WHAT NEEDS TO BE DONE
A stretch of the entries below is to be set down exactly, running from the line with "当然雨季的马尔代夫你也能看到清晰的海底世界,只是需要一点运气罢了" through the line with "לא בהריון! תוצאת", both included, and no other line.

RECORDS PROVIDED
▶

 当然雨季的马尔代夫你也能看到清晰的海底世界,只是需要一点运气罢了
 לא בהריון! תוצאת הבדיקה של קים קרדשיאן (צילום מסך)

◀
▶

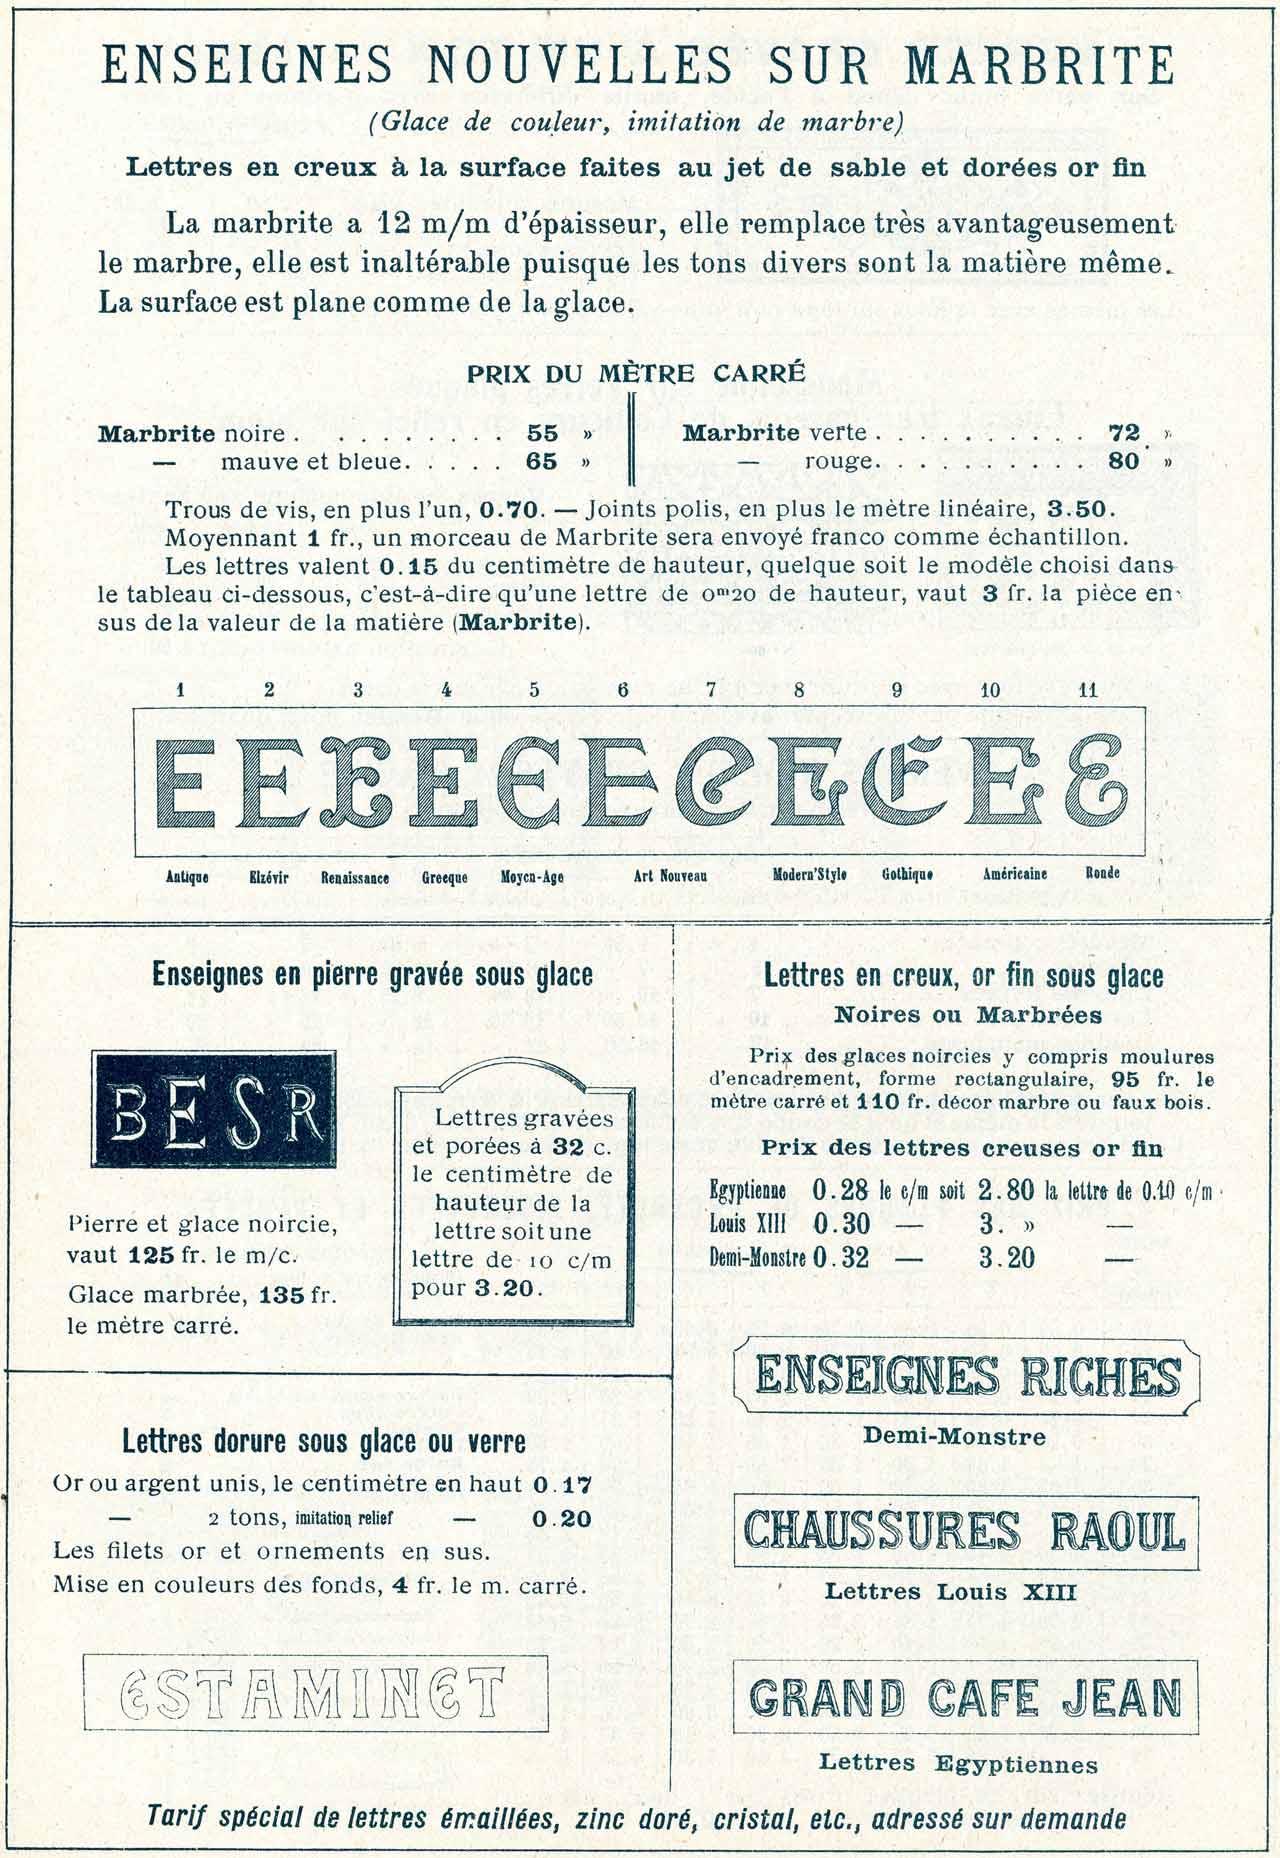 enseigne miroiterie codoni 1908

◀

RESPONSE BOX
 当然雨季的马尔代夫你也能看到清晰的海底世界,只是需要一点运气罢了
 לא בהריון! תוצאת הבדיקה של קים קרדשיאן (צילום מסך)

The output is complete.